Without that context you are reduced to guessing, and guessing about bugs is slow and demoralizing. You burn hours trying to reproduce something on the wrong device, or you ship a speculative fix and hope. With it, the report tells you where to look before you have even opened the editor. Good error tracking is, in effect, a permanent witness standing next to every player when their game breaks.
Your machine is not your players' machines
The phrase 'it works on my machine' is the most dangerous sentence in game development, because your machine is the least representative test environment imaginable. It is the one device guaranteed to work, since you built the idle game on it. Your players are out on the long tail of hardware, drivers, and settings, and that long tail is exactly where the failures you never see are hiding.
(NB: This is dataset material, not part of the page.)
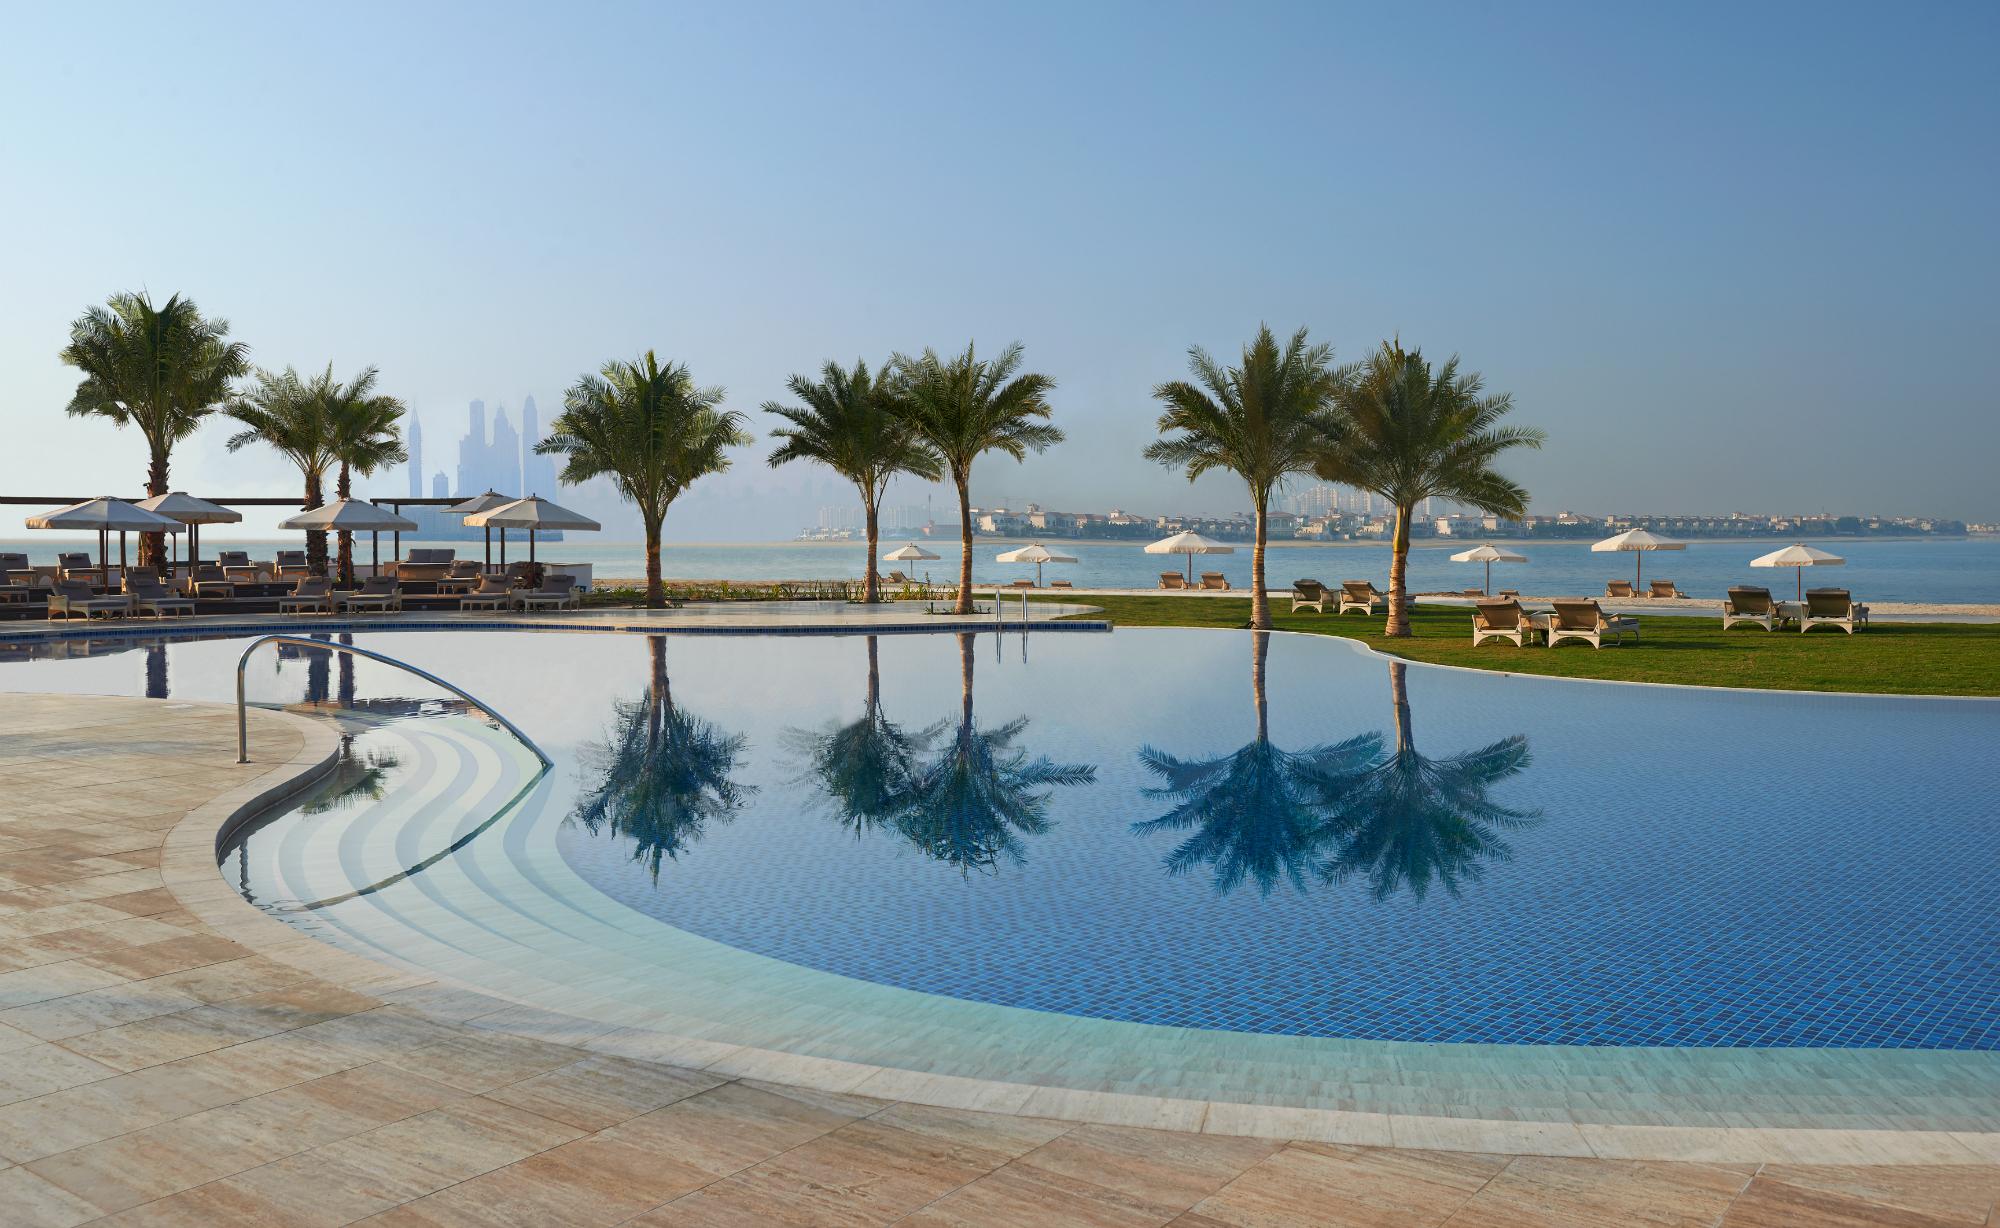 Hotel pool palm trees

Error tracking is how you cover the configurations you cannot physically test. Because each report carries the device and OS, you can see at a glance that a crash is confined to one GPU family or one OS version, and you can fix it without ever owning that hardware. It effectively turns your entire player base into a test lab that reports back automatically whenever something breaks.
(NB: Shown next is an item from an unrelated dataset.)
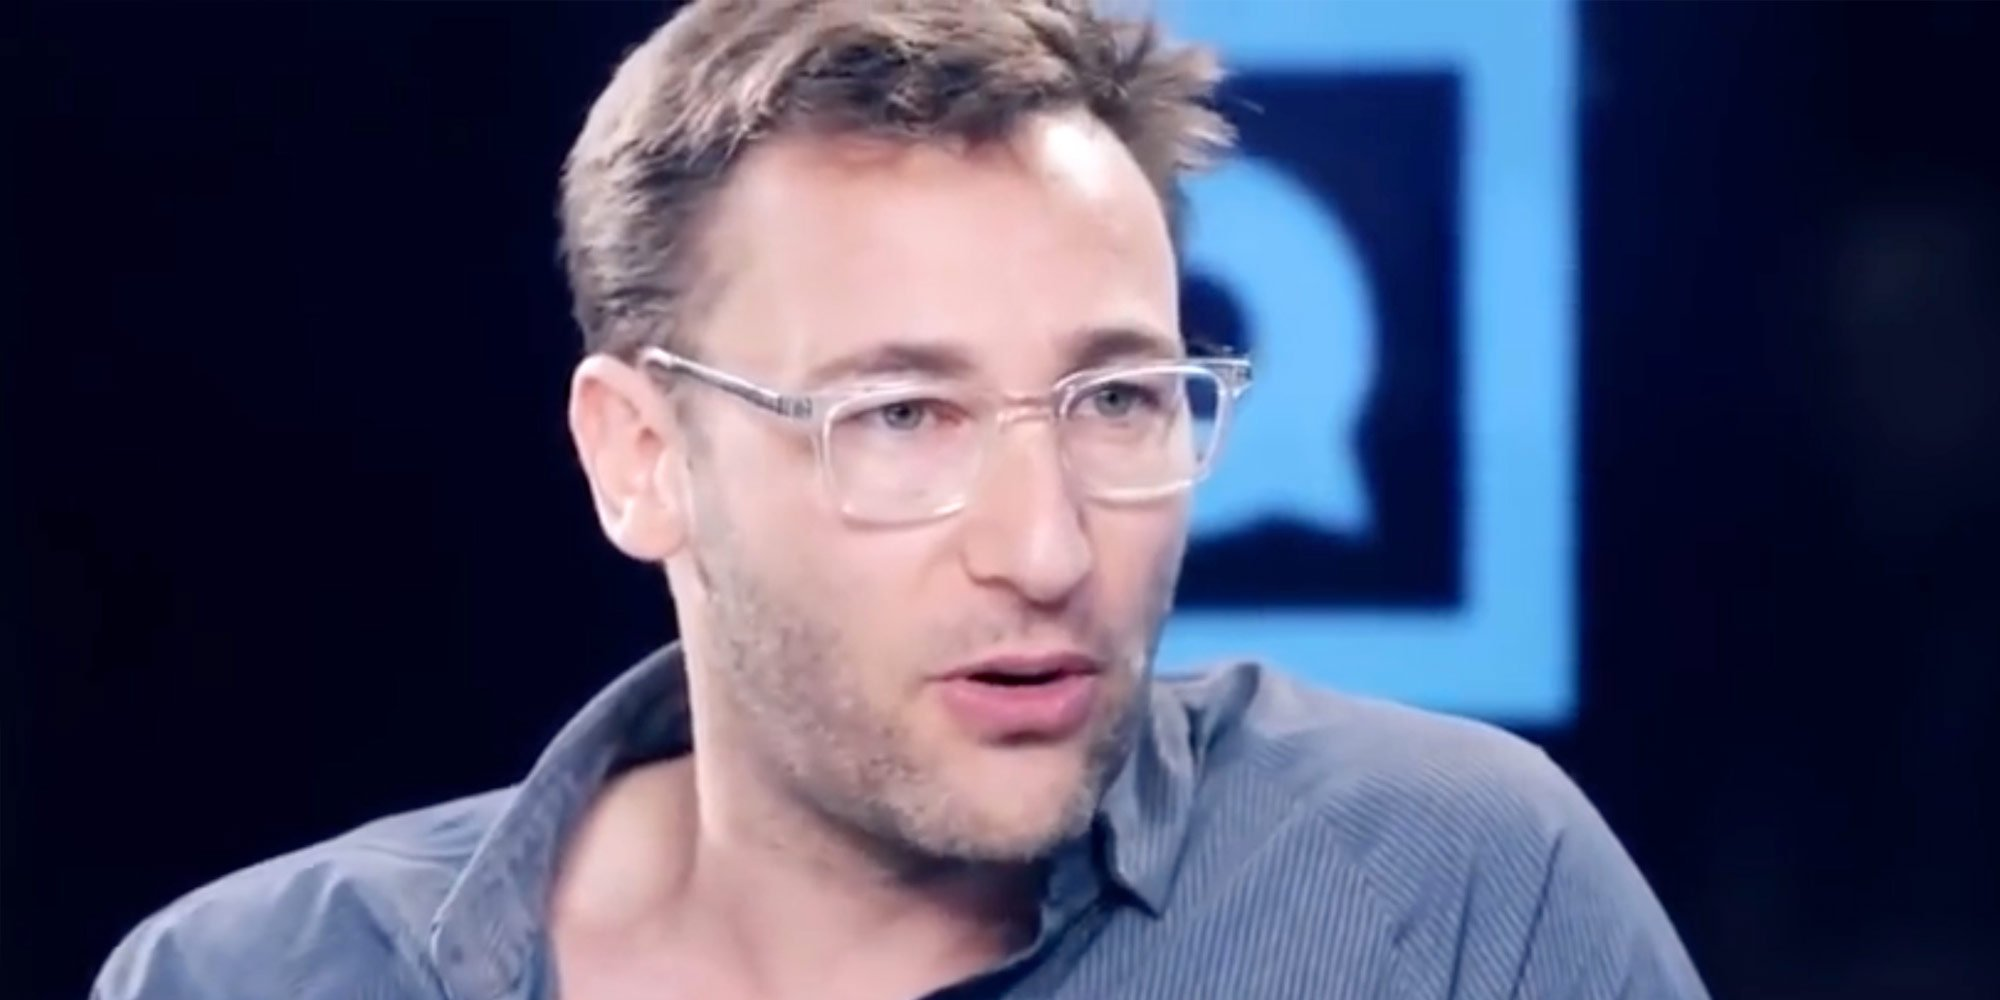 Simon Sinek: i Millennials? Narcisisti, pigri ed egoisti

Add it before you think you need it
The most common regret developers express about error tracking is not adding it sooner. The instinct is to treat it as something to bolt on later, once the idle game is more finished, but that gets the timing exactly backwards. The early, unstable period is when failures are most frequent and most informative, and it is precisely when you most want the data to build a stable foundation.
Adding it early also builds the right habit while it is cheap to establish. You learn to work from real failure data from the first build, so that by the time real players arrive you already have the instinct and the tooling. Retrofitting that discipline later, mid-crisis, is far harder. Like source control, error tracking is something you set up once and are endlessly glad you did.
Doing it with Bugnet
This is exactly the workflow Bugnet is built for. Drop the SDK into your idle game and every unhandled error is captured automatically, complete with stack trace, device, OS, and the recent actions that led up to it, so nothing breaks for a player without leaving you a trail. An in-game report button sits alongside it for the softer issues, the soft locks and confusing moments, that automatic capture alone would miss.
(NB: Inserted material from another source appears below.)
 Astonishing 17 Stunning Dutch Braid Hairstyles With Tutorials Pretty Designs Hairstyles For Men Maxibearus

From there, Bugnet groups identical failures into a single ranked issue with a live count, so the bug hurting the most players is always at the top of your list. Device and custom-attribute filters let you isolate platform-specific problems in seconds, and crash data lives in the same dashboard as player-submitted reports, so you triage everything in one place. The result is the evidence-driven workflow this whole post is about, available almost immediately.
What it comes down to
Error tracking will not write your fixes or design your game. What it adds is sight, the ability to know what is actually happening to the players on your idle game instead of guessing. For any game you intend to maintain, grow, and stake your reputation on, that sight is not optional. The cost of adding it is small, and the cost of shipping without it is paid quietly, in players you never knew you lost. Add it early, work from the data, and let the failures that used to be invisible become a simple list you work down.
Error tracking is sight. Without it you guess; with it you know what breaks, where, and how often, which is foundational for any idle game you mean to keep.